パパとママの娘という設定の女の子の着ぐるみ。園児服に「せいら」の名札を付けている。前髪パッツンで後髪を二つ結びにしており、成人男性よりも大きい。家族同士で殺し合わせるレクリエーションの司会進行を務め、ゲームの内容に合わせてさまざまなコスプレをしている。ママによると、せいらはルールの説明や立ち居振る舞いを一生懸命練習しているらしいが、参加者からは毎回反応をもらえず空回りしている。ゲームの続行に影響する決定的なルール違反でないかぎり、ラフプレーや協力プレー、妨害プレーなどは見逃している。人間の頭を弾け飛ばすほどの腕力を誇り、顔面がめり込むほど殴られてもナタで斬りつけられてもダメージを受けないうえに、ガソリンで燃やされても平然としているなど、物理的にほぼ無敵状態である。裏・雨館町内であれば「せいらちゃん」と呼べばどこにでも現れる。

パパ

上半身裸にネクタイを締めた2頭身の着ぐるみ。せいらの父親にしてママの夫という設定で、せいらと同様に成人男性よりも大きい。カバのような外見ながら実はペガサスで、背中に小さな羽がある。パパ自身はカバ呼ばわりされることを嫌っており、自らをカバと呼んだ浅倉弥生に激怒し、持ち前の怪力で弥生の祖父を惨殺した。レクリエーションではせいらを見守る役と、実況や解説などを担当している。しかし競技のルールに疎く、実況も見たままを口に出しているだけで、ママからは実況をやめた方がいいと突っ込まれている。
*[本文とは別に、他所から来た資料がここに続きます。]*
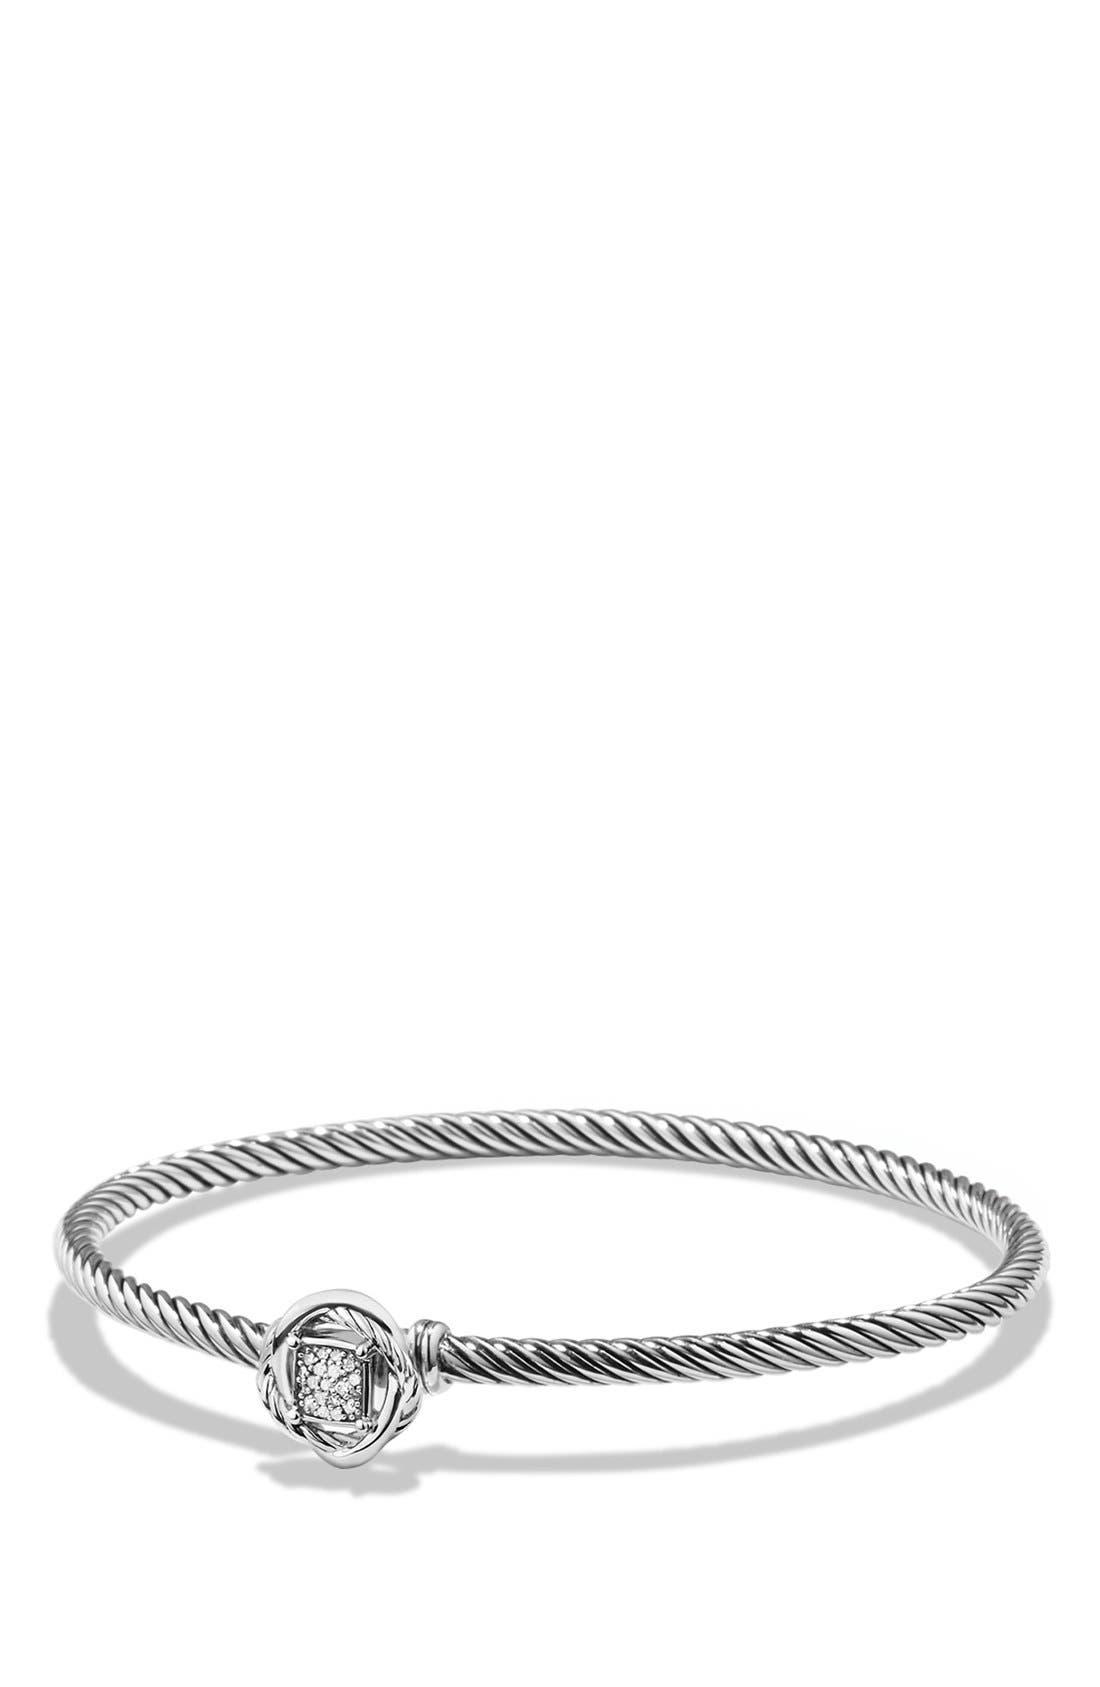 'Infinity' Bracelet with Diamonds,                             Main thumbnail 1, color,                             DIAMOND

メタボ体型なため、せいらやママと違ってコスプレはしない。レクリエーション中にゲームと関係なく、ママとイチャついて茶番を繰り広げている。

ママ

眼鏡をかけた5頭身の女の子の人形。せいらの母親にしてパパの妻という設定で、せいらと同様に成人男性よりも身長が高い。潔癖性で、着ている服に血が飛び散ると癇癪を起こし、周囲の人間を殺害する。初登場時は巨大なクシを持ち、それで人間を刺し殺していたが、レクリエーションに合わせて衣装が変わるため、その時々で違う武器を使用する。物語前半のレクリエーションでは競技に合わせたコスプレだったが、途中から着ぐるみ衣装が多くなり、ママ自身の美的センスに合わずに不満を口にすることもある。せいらが司会進行を務めるため、ゲーム中はあまりやることがなく、パパとイチャついて茶番を繰り広げている。

ラクガキ

せいら、パパ、ママたちが従える異形の着ぐるみたち。口から歯が剝(む)き出しになっており、全体的に作画が崩壊したデザインとなっている。せいらたちが執り行うレクリエーションでアシスタントのような働きをするほか、最下位になった家族の代表者を殺して食べる役目も担っている。言葉は話さず、せいらたちの指示に忠実に従う。実は鞠山雅彦が子供の頃に描いた落書きが、ラクガキたちのデザインのもととなっている。

(せき)

鞠山雅彦の小学生の頃からの友人の男性。実家は薬局を営んでいる。小学生の頃は雅彦や浅倉太一とよく遊んでいたが、大人になってからの交友関係は不明。慎二という引きこもりの兄弟がいる。第1回目のレクリエーション後に生き残った関家全員で裏・雨館町から脱出しようと試みたが、乗っていた車ごとせいらたちに捕まって焼き殺された。営んでいた薬局は脱出の際に開けたままになっており、レクリエーションでケガ人が出た際は大いに役に立っている。看護師の土井静香が残された薬を有効的に活用している。